I am using wandb with transformers library on a conda environment created on an HPC machine. When I create the environment and install the libraries, the certificate exists under the path /conda_environments//lib/python3.8/site-packages/certifi/cacert.pem
Then after a specific time of training monitoring (around 10 hours), the certificate disappears, and I get the following error, and then the training and the monitoring are stopped.
OSError: Could not find a suitable TLS CA certificate bundle, invalid path: /scratch/hpc//conda_environments//lib/python3.8/site-packages/certifi/cacert.pem
wandb: ERROR Internal wandb error: file data was not synced
There is a similar issue on the GitHub repo of wandb
I reproduced this issue several times with different models and different pipelines to check that it was not something related to my code. The common pattern is that this happened only for long training (more than 10 hours)
Just some questions to get a better understanding of the issue:
Are you on Public Cloud or a Local Instance?
If you are on a Local Instance, could you send the Debug Bundle?
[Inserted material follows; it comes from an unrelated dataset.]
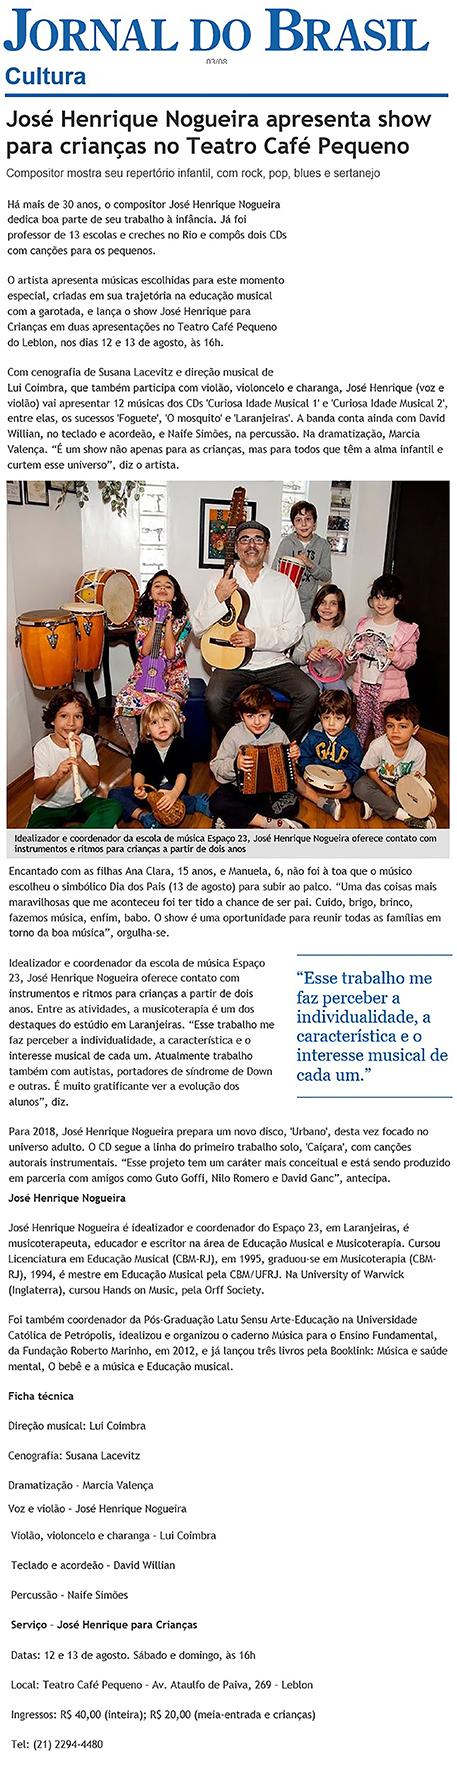 Jornal do Brasil - Cultura

An admin of the instance can get it from the /system-admin page → top right corner W&B icon → Debug Bundle.
If you are on the Public Cloud, could you send your debug.log and debug-internal.log for the run? To get the debug.log and debug-internal.log files, go to the wandb folder in your computer’s working directory. The folder has subfolders named run-DATETIME-ID, which correspond to specific runs. Could you retrieve the debug logs for a run that stopped?